Thanks for asking, I will be away from the box in question the coming week, will
try to take a look next week and get back to you.

erics
Comment 34 Jeremy Blosser 2007-01-19 22:19:24 UTC
It will probably be in stable by then, but we only know of three systems in the
wild that have LVM roots, and one of those reports success so far.  Just be
cautious upgrading and let us know of any issues.
Comment 35 Jeremy Blosser 2007-01-20 12:19:18 UTC
Do not mark this fixed after integrating, there's more to do on the bug.  But
this much will let us clear 'must fix'.
Comment 36 Jeremy Blosser 2007-01-21 02:20:50 UTC
I've integrated this fix and a few it depended on to stable-rc-0.6.
Comment 37 Eric Schabell 2007-02-19 04:14:15 UTC
Jermey,

> Sergey and erics, if you're still reading and want to try this, I'd appreciate
> it.  This last bug we've been trying to deal with is one that would affect your
> installs so I'd like absolute confirmation it works for you this way.
>
I have upgraded with the last stable 0.6 and 0.7, but a reboot of the machine is
not possible for awhile anyway. You will hear from me when it happens either way.

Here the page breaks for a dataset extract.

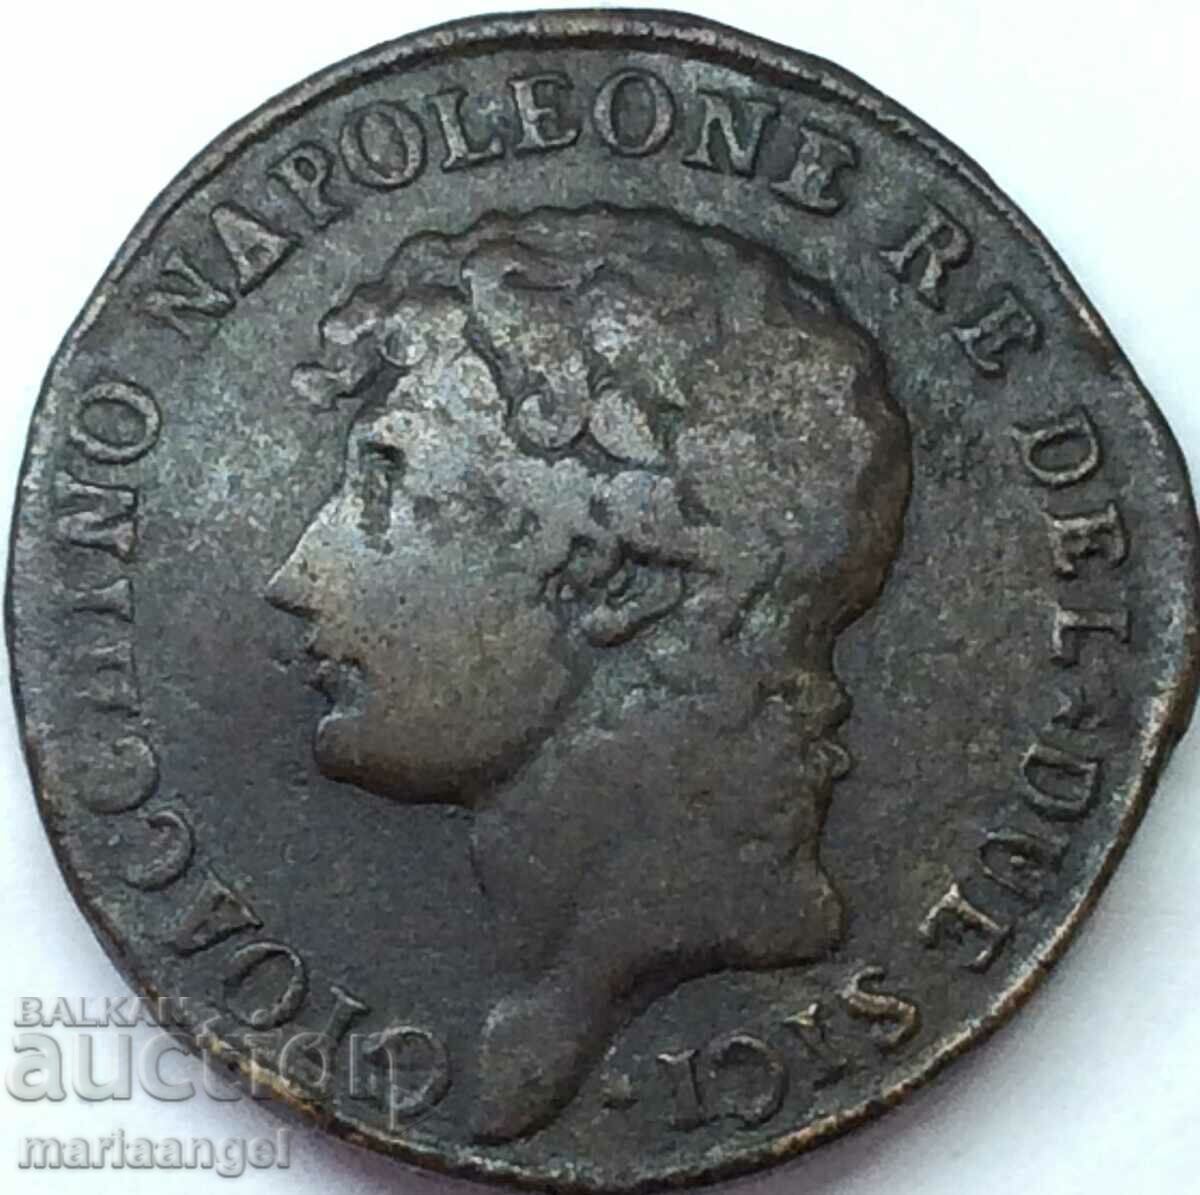 Murat Napoleon 2 grains 1810 Italy 29mm 11.67g bronze

Comment 38 Jeremy Blosser 2007-04-01 00:10:34 UTC
reassign to sm-grimoire-bugs
Comment 39 Eric Schabell 2007-05-08 03:44:22 UTC
For me this is fixed... you can close it and mark varified. Thanks.
Comment 40 Eric Sandall 2007-06-14 14:49:14 UTC
What's left on this bug now that the original bug reported by erics is verified
as fixed?
Comment 41 Arwed v. Merkatz 2008-06-16 12:23:34 UTC
This now applies to stable-rc (0.22).